Das Berufungsgericht gab der Berufung der Erstbeklagten und des Zweitbeklagten nicht Folge und erklärte die ordentliche Revision für zulässig. Das Gericht zweiter Instanz verwies auf seinen im ersten Rechtsgang gefaßten Aufhebungsbeschluß und führte aus, die Beklagten hätten es an der konsequenten Einhaltung der von ihnen für notwendig erachteten Sicherheitsmaßnahmen - Wegsperren des Hundes, wenn Gäste anwesens seien, Ausgänge nur mit dem angeleinten und mit Beißkorb versehenen Hund - fehlen lassen. Damit sei ihnen der Entlastungsbeweis, wie er im Aufhebungsbeschluß dargestellt worden sei, nicht gelungen.

Die Erst- und der Zweitbeklagte bekämpfen das Urteil des Berufungsgerichtes mit Revision, machen den Anfechtungsgrund der unrichtigen rechtlichen Beurteilung geltend und beantragen, das angefochtene Urteil dahin abzuändern, daß das gegen sie gerichtete Klagebegehren abgewiesen werde. Hilfsweise wird ein Aufhebungsantrag gestellt.

Die Klägerin beantragt, der Revision nicht Folge zu geben.

Die Revision ist trotz des Ausspruches des Berufungsgerichtes über ihre Zulässigkeit - an den der Oberste Gerichtshof gemäß § 508 a Abs 1 ZPO nicht gebunden ist - nicht zulässig.

Rechtliche Beurteilung

Die Revisionswerber bekämpfen die Ansicht, sie seien Halter des Hundes gewesen, nicht. Diese Ansicht entspricht auch der Rechtsprechung des Obersten Gerichtshofes, wonach es bei der Haltereigenschaft nicht auf die rechtliche Beziehung zum Tier, sondern auf das tatsächliche Herrschaftsrecht ankommt (EvBl 1986/111; 8 Ob 160/82 uva). Die Revisionswerber vertreten jedoch die Ansicht, sie hätten den Entlastungsbeweis erbracht.

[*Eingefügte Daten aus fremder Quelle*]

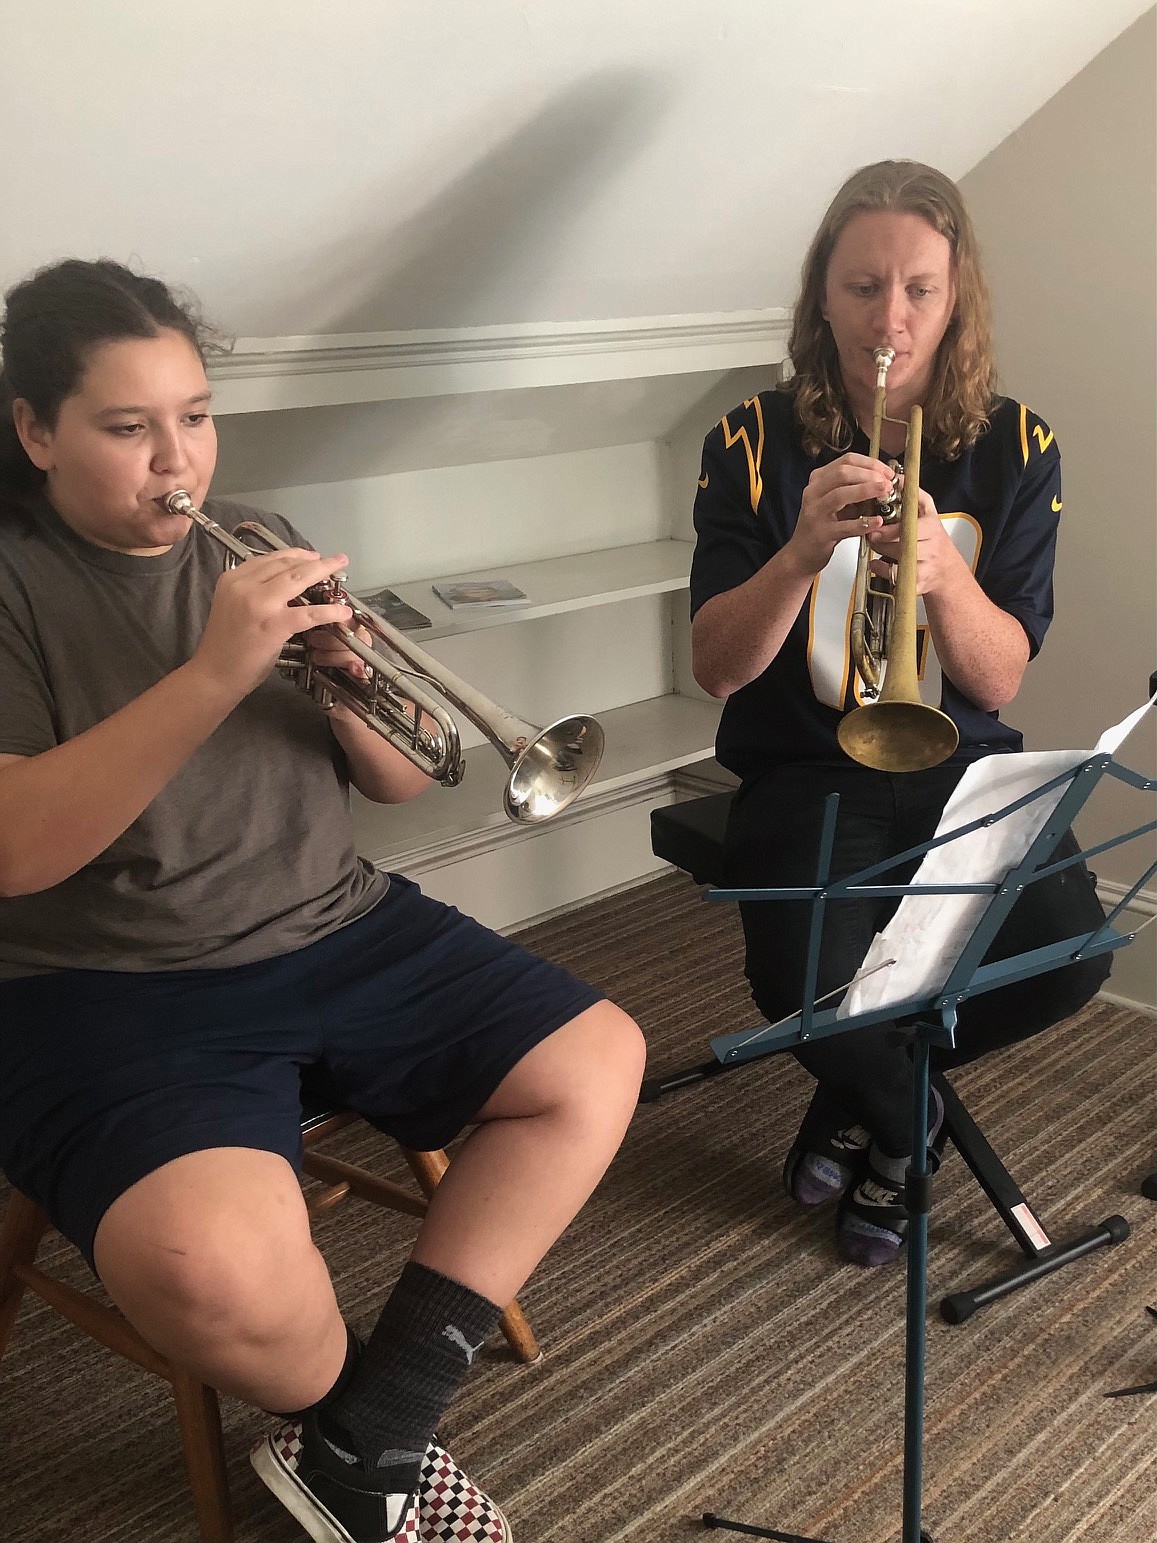 Trumpet student Felix Deady, left, works with instructor Caden Davis at the Music Conservatory of Coeur d'Alene located in the historic Hamilton House on Tuesday. Photo courtesy of Julienne Dance
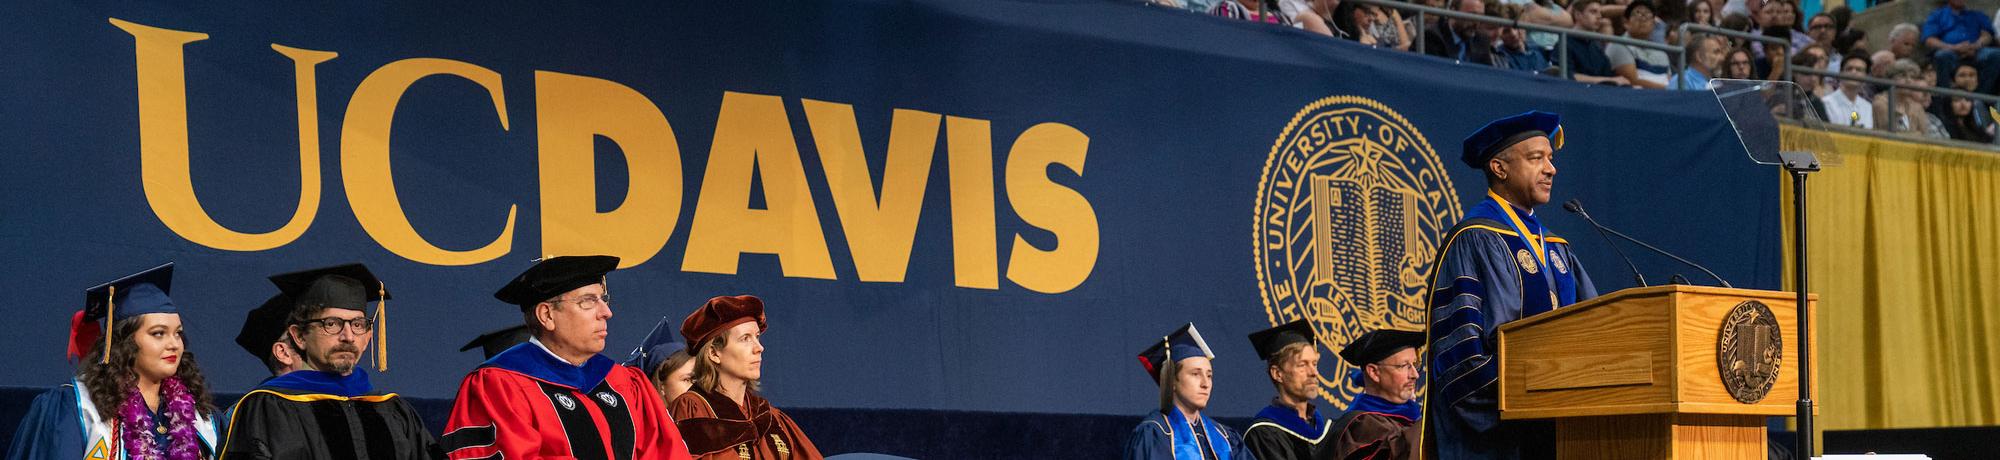 Gary May speaking at Commencement with a large UC Davis logo in the background

Der Oberste Gerichtshof hat bereits wiederholt ausgesprochen, daß dann, wenn ein Tier von mehreren Personen gehalten wird und bei jeder von ihnen insofern die Haftungsvoraussetzungen gegeben seien, als keiner für die erforderliche Verwahrung gesorgt und damit eine Ursache für den gesamten Schaden gesetzt habe, jeder der Halter für den gesamten Schaden zu haften habe (SZ 55/62; EvBl 1986/111; 8 Ob 160/82 ua). Es entspricht also ständiger Rechtsprechung, daß jeder der Halter haftet, wenn er nicht den Beweis erbringt, er habe für die erforderliche Verwahrung und Beaufsichtigung des Tiers gesorgt. Dazu gehört auch der Beweis der Tüchtigkeit und mangelnden Überforderung der mit der Verwahrung und Beaufsichtigung des Tiers betrauten Person (3 Ob 556/79 ua). Die Bestimmung des Maßes der erforderlichen Beaufsichtigung und Verwahrung hat in elastischer und den Umständen des Einzelfalles Rechnung tragender Weise zu erfolgen, wobei insbesondere die Gefährlichkeit des Tieres nach seiner Art und Individualität eine Rolle spielt; je größer die Gefährlichkeit, desto größere Sorgfalt ist anzuwenden (JBl 1982, 150). Wohl darf die Haltung nicht bösartiger Haustiere durch überspannte Anforderungen an die Verwahrungs- oder Beaufsichtigungspflicht nicht geradezu unmöglich gemacht werden (3 Ob 556/79), doch handelte es sich im vorliegenden Fall um einen Rottweiler, der schon einige Male jemanden gebissen hatte, also um ein bäsartiges gefährliches Tier. Im Sinne der Rechtsprechung waren die Beklagten daher verpflichtet, besondere Sorgfalt anzuwenden. Bei der Frage, ob die Erstbeklagte und der Zweitbeklagte verpflichtet gewesen wären, die Klägerin auf die Gefährlichkeit des Tieres aufmerksam zu machen, handelt es sich um eine solche des Einzelfalles, die die Zulässigkeit der Revision nicht rechtfertigen kann. Überdies haben die Revisionswerber nicht bewiesen, daß der Hund, als sich die Drittbeklagte mit der Klägerin von den übrigen Beklagten trennte, um das Tier "äußerln" zu führen, einen Beißkorb trug. Es bedarf keiner Erörterung, daß die Erst- und der Zweitbeklagte nicht für die erforderliche Verwahrung des Hundes im Sinne des § 1320 ABGB sorgten, wenn sie gesehen haben, daß die Drittbeklagte mit der Klägerin wegging, ohne dem gefährlichen Tier einen Beißkorb angelegt zu haben.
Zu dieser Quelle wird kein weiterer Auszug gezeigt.